I scratch at my inner elbow, or sometimes my forearms and rarely my upper arms. I get pretty bad rashes sometimes. I also look at the person I'm talking to more often, while I usually look at other things while talking when I'm comfortable.


----------



## Mewtwo (Feb 22, 2009)

opaltiger said:


> Not really a nervous habit, but I absolutely have to be doing something with my fingers most of the time


Also a fingernail biter, foot shaker, gum chewer, and hummer.


----------



## Byrus (Feb 23, 2009)

I always scratch my knuckles and bite my nails. I've made my knuckles bleed quite a few times. I get nervous really easily.


----------



## Evolutionary (Feb 23, 2009)

I always move around. If I have to be sitting or whatever I'll keep switching positions. I also sort of try to make myself seem smaller if you get what I mean...I lean lower sort of hunchback like. I also stretch sometimes. 

I'm quite strange...


----------



## voltianqueen (Feb 24, 2009)

If I'm nervous while talking to someone, I usually put my tongue...er, can't explain well...in the front corner of my mouth, in front of my teeth. If that makes sense. I also push my glasses up alot, even if they're not even falling much. I bounce my foot up and down.


----------



## Sandstone-Shadow (Feb 24, 2009)

I pick at my face... and I hate it. I hate that I do that, and I'm trying so hard to stop. >(

I also chew on my nails and the drawstrings of my sweatshirt if I'm wearing one. I'm becoming better at not chewing on stuff, though.

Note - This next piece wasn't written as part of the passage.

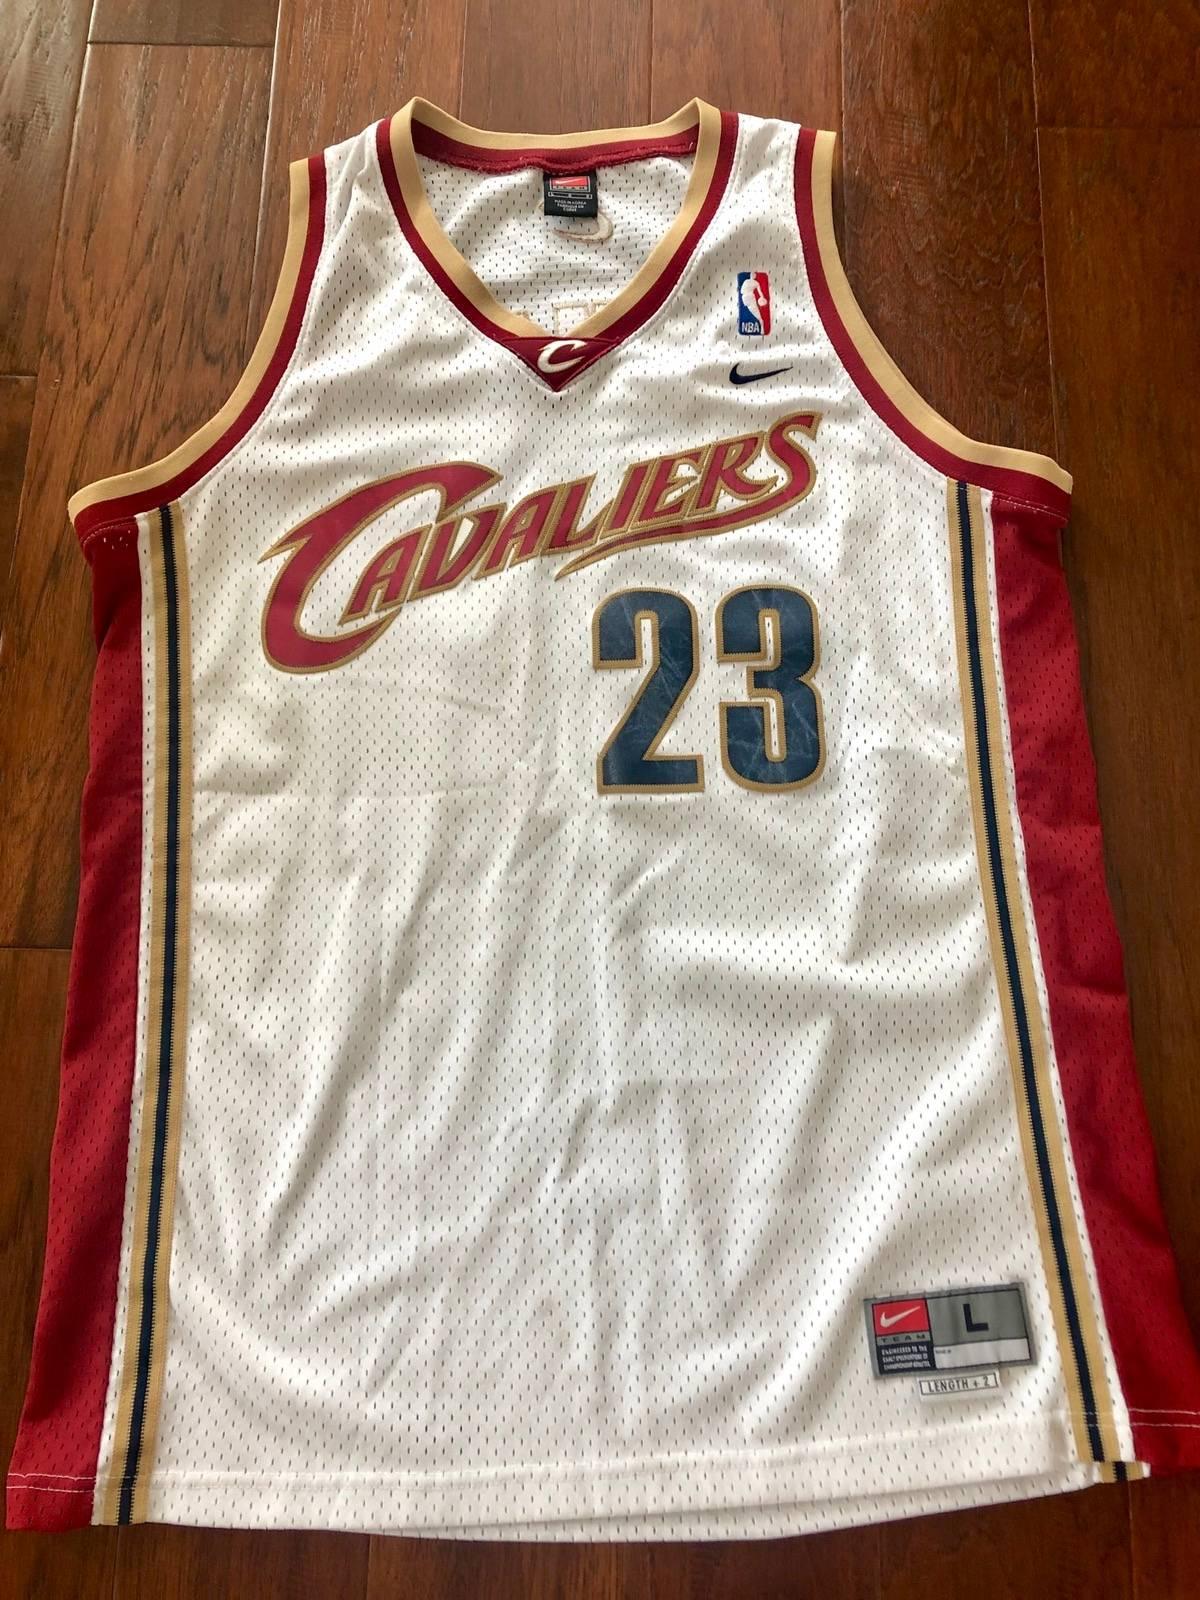 wholesale dealer 292aa eed0d Nike Vintage Nike Lebron James Cavs Jersey Size L $45
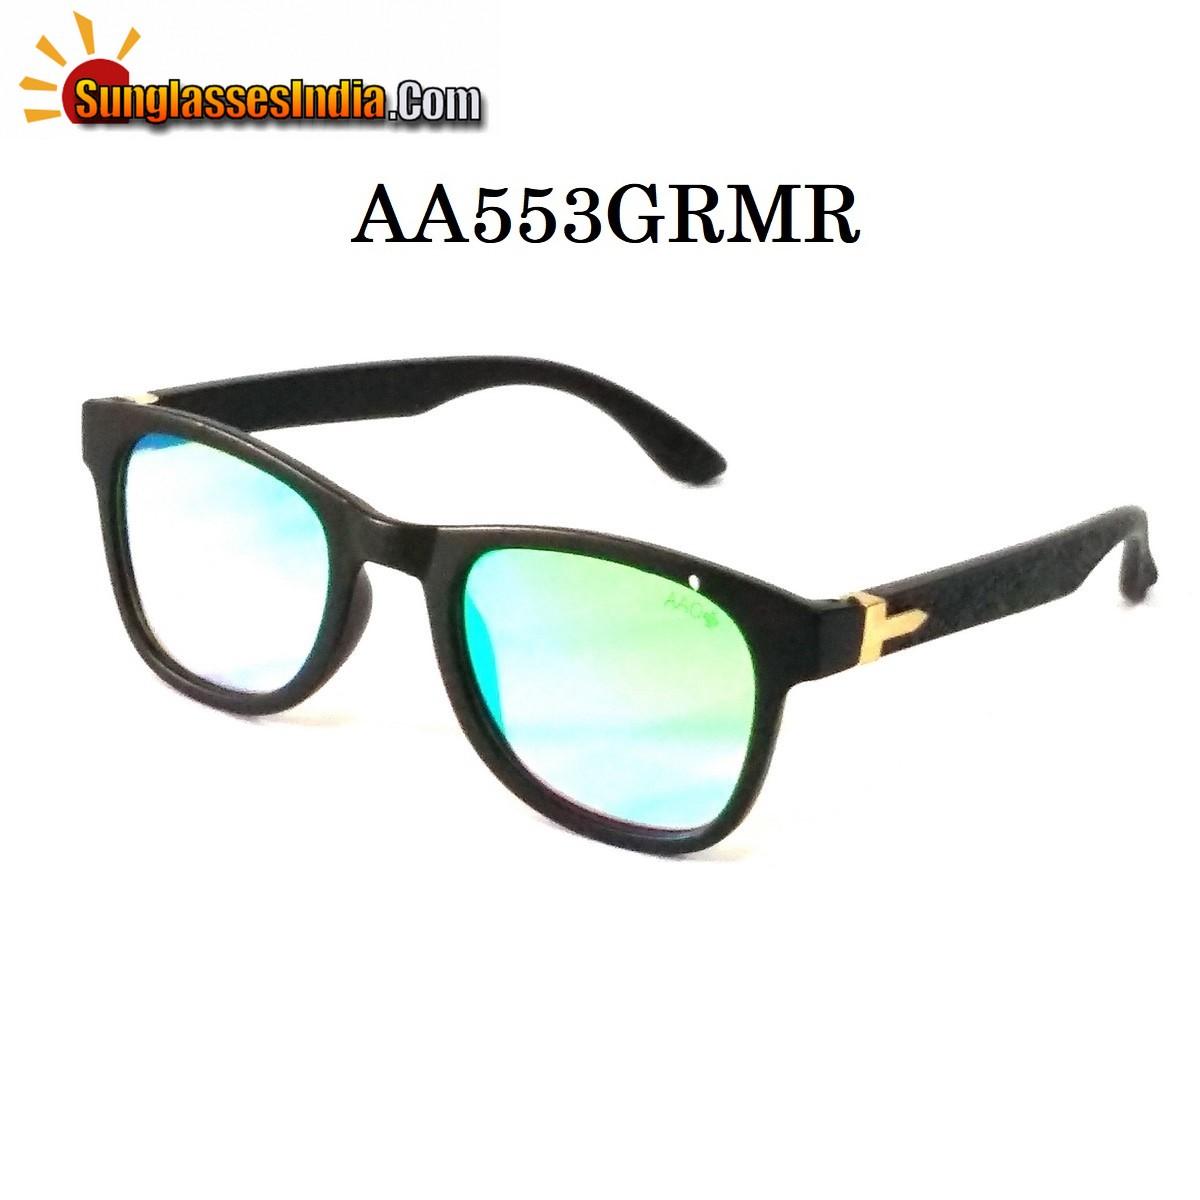 Green Mirror Wayfare Sunglasses

If I'm wearing a backpack or if I have anything narrow on my shoulders, like the strap of a bag or something, I hold onto that, usually with only one hand.


----------



## Thanks for All the Fish (Feb 24, 2009)

I sometimes chew at the skin on my fingers, which would explain why I usually have a wound on my thumb. Also, I usually rub at my thighs, so often, that a lot of people have asked if I'm in pain or something.


----------



## IcySapphire (Feb 24, 2009)

I have been known to bite my nails when I'm nervous or bored.


----------



## Darksong (Feb 25, 2009)

I tend to chew on things and put them in my mouth. I especially like doing that with the end of my flute, which I could damage, but I don't stop. I also have a spoon that I often chew on, but it's fallen on the floor at least three times D: I also do this when I'm deep in thought. It's like an unbreakable habit D:


----------



## cheesecake (Feb 25, 2009)

Usually I'll start chewing on something, tap my foot, or drum my fingers against a table or my thighs.


----------



## ignore_this_acct (Mar 1, 2009)

bite my nails
sometimes when fight or flight thing happens I focus more on the stresser and get increased awareness
I also get jittery


----------



## Arylett Charnoa (Mar 2, 2009)

Tendency to click on mechanical pencils... a lot. If it's a pen, I'll click on it too. Really rapidly and obsessivelyish. Also I tap my foot. Used to chew on pencils, but I kicked the habit. Also I like to hold things in my hands. If I'm not holding something, I get nervous.


----------



## Jester (Mar 3, 2009)

I tend to bob my head when I'm thinking... I also mutter/grunt while I think


----------



## silverfur (Mar 3, 2009)

when im bored ill pick at the split ends of my hair..


----------



## Old Catch (Mar 3, 2009)

I click my fingers against my palm, tug at my hair and bite my lips.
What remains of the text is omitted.